Outcomes were evaluated for approximately 265,000 participants in these programs and regular SNAP from 2018 to 2022, and JLARC found that the programs did not have a notable impact on employment rates and that “although half of them saw salary increases by 2022, the group’s median salary remained below the federal poverty line.

Additionally, fewer than 2% of Temporary Assistance for Needy Families and SNAP recipients per year between 2018 and 2022 took advantage of services offered by the state’s workforce development system.

JLARC also assessed child care across Virginia and found that child care was unaffordable under the federal definition for about half of the state’s households, with only not enough child care providers to meet demand and that there were several problems with the state’s child care subsidy program. make it less useful than necessary.

The federal government defines child care as affordable at or below 7% of a household’s family income.

“Infant and toddler care costs exceed 7 percent of household income for more than 80 percent of Virginia families, and the cost of preschool education exceeds 7 percent of household income for 74 percent. hundred of Virginia’s families,” according to the report.

The commission also determined that at least 140,000 households in need of child care in Virginia do not have access to it due to the low number of child care providers.

Finally, although Virginia has expanded its child care subsidy program with federal COVID relief funds, those funds will soon dry up – and even with them, it cannot offer subsidies to all eligible families. And even if the state could provide subsidies to all families who need them, fewer than half of child care providers participate in the subsidy program.
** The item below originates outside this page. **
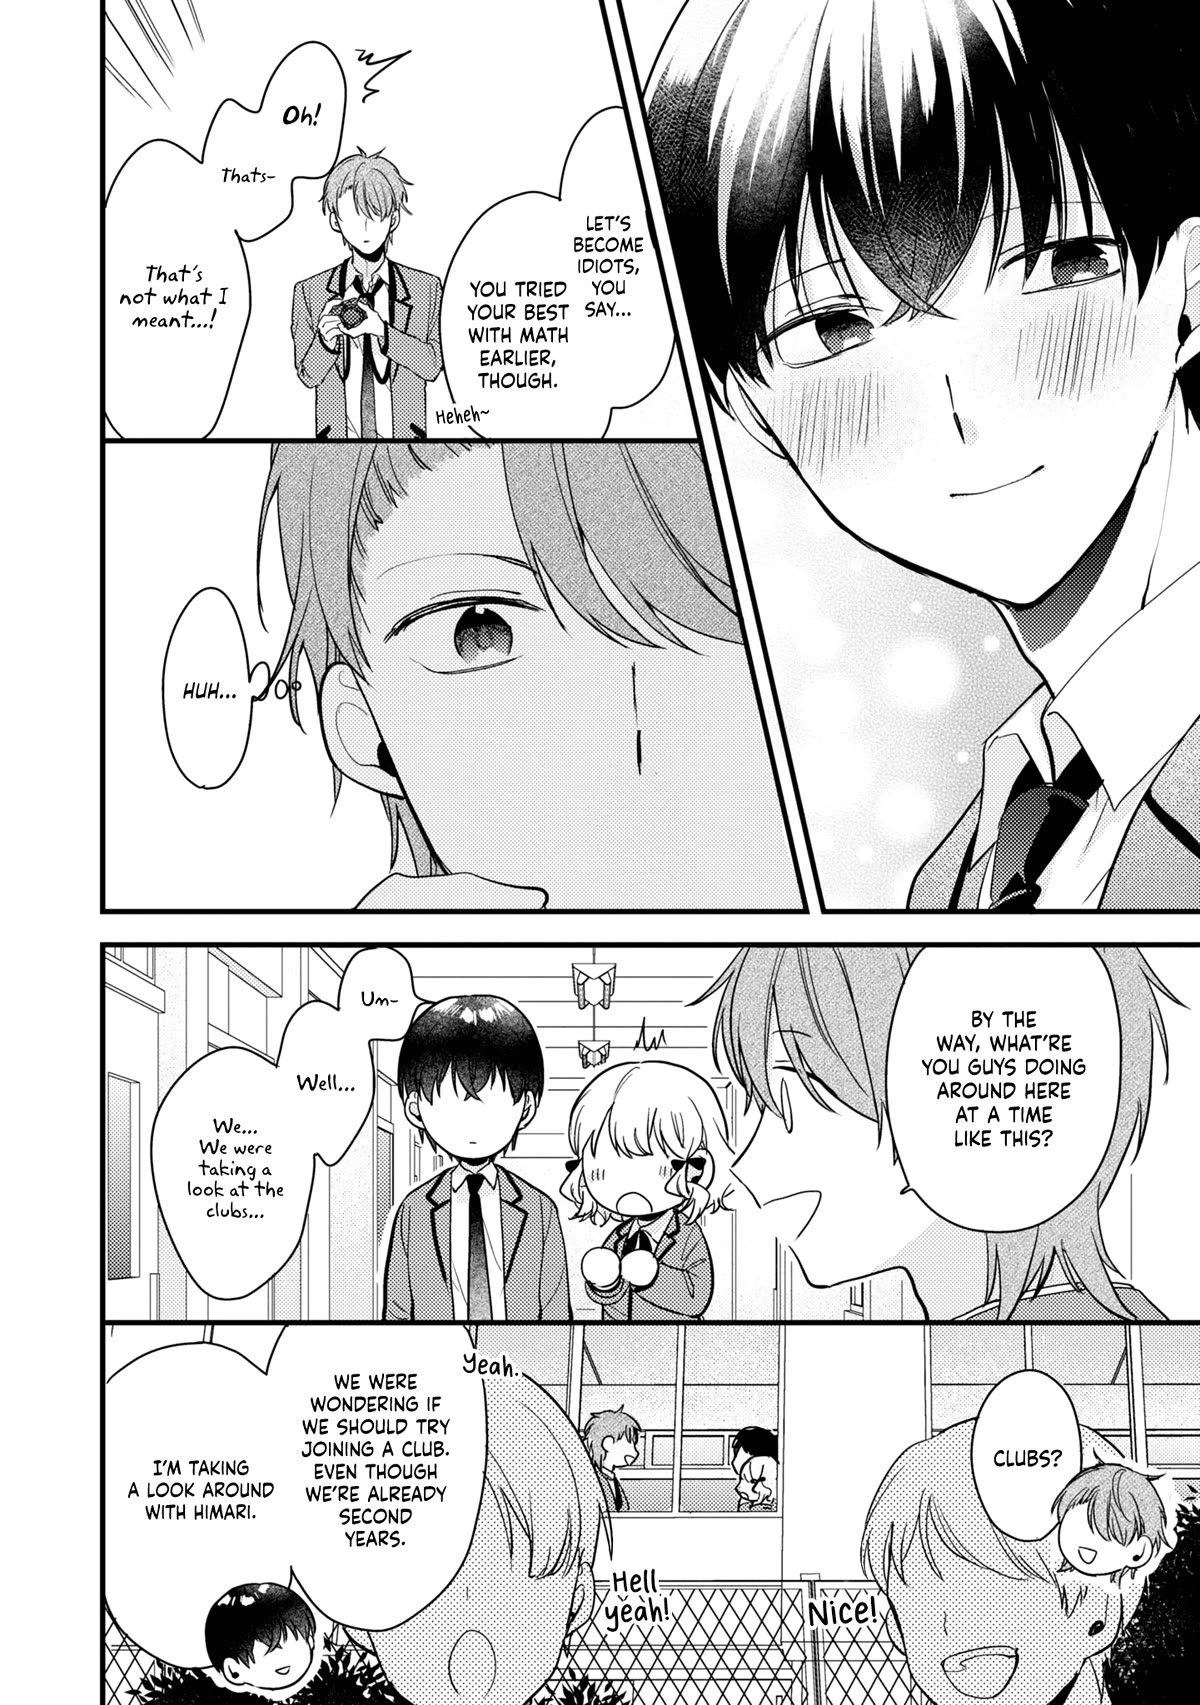 I Have A Second Chance At Life, So I’Ll Pamper My Yandere Boyfriend For A Happy Ending!! Chapter 4 #19
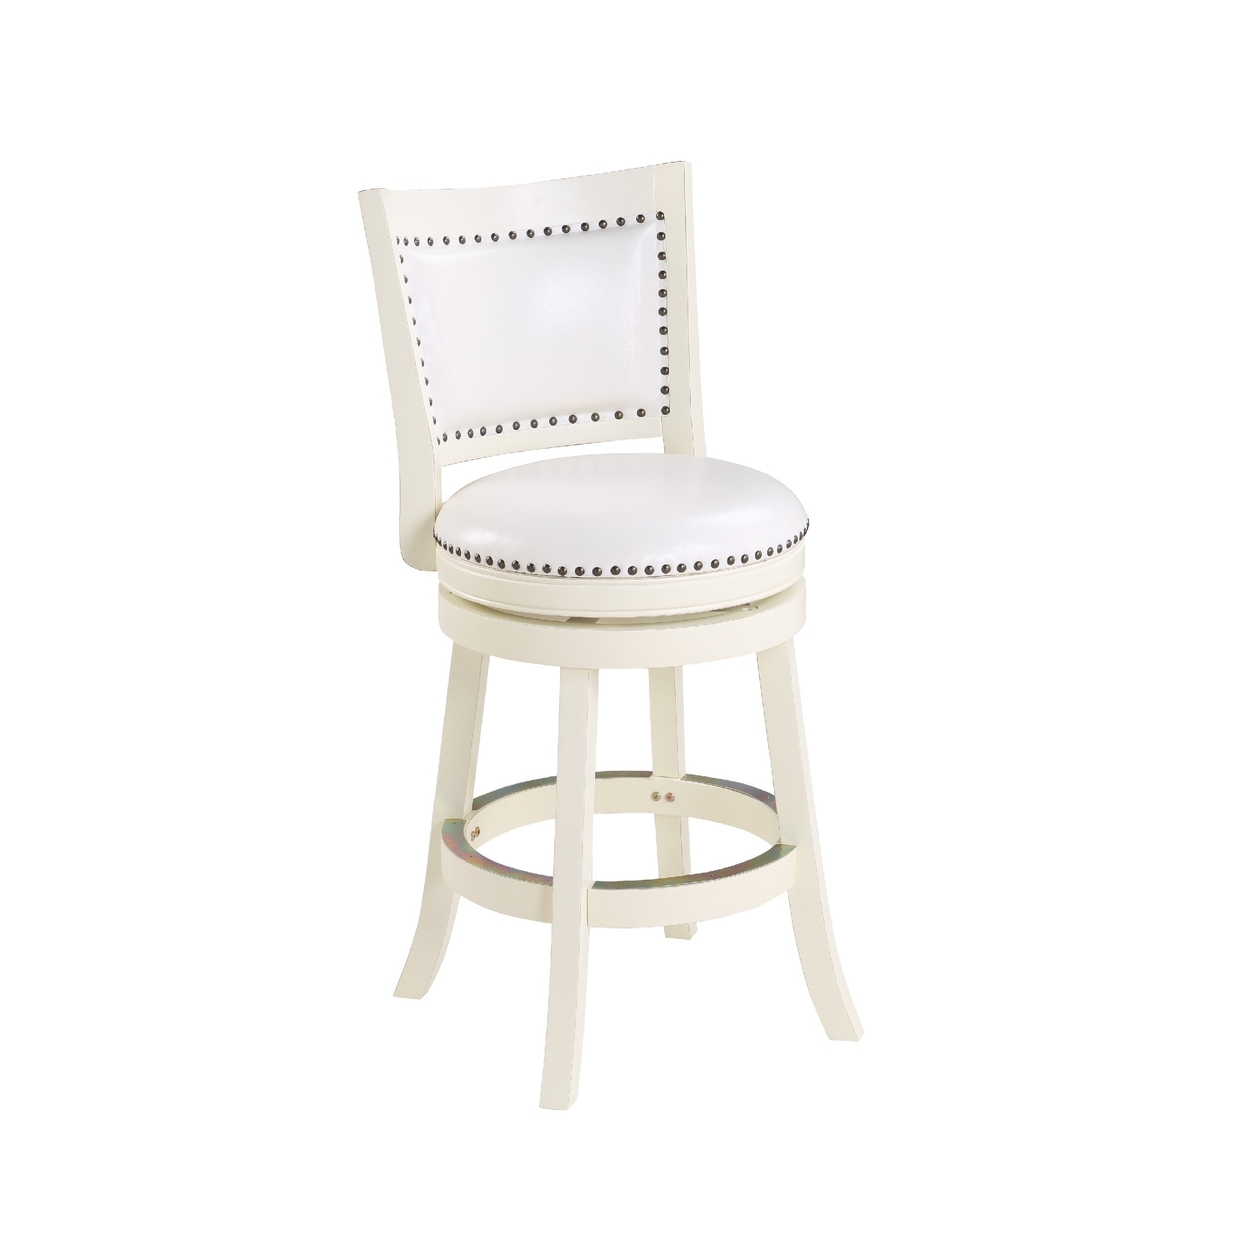 Sabi 24 Inch Swivel Counter Stool, Solid Wood, Faux Leather, White

JLARC offered several recommendations for legislative and executive actions to help address some of the current deficiencies in the state’s self-sufficiency programs and the child care subsidy program.

The commission proposed that the Legislature require coordination between social services offices and local workforce development boards; social services should be able to inform recipients of state assistance programs of the employment and training resources available to them. It also mandates the creation of several pilot programs to test and improve aspects of VIEW and other self-sufficiency programs and recommends including employment requirements for eligibility for child care subsidies.

His executive recommendations included developing “modern workload goals” for these programs, establishing policies that help programs allocate and spend all of their program funds, and developing a process to “ reimburse child care subsidy program providers based on enrollment rather than attendance.”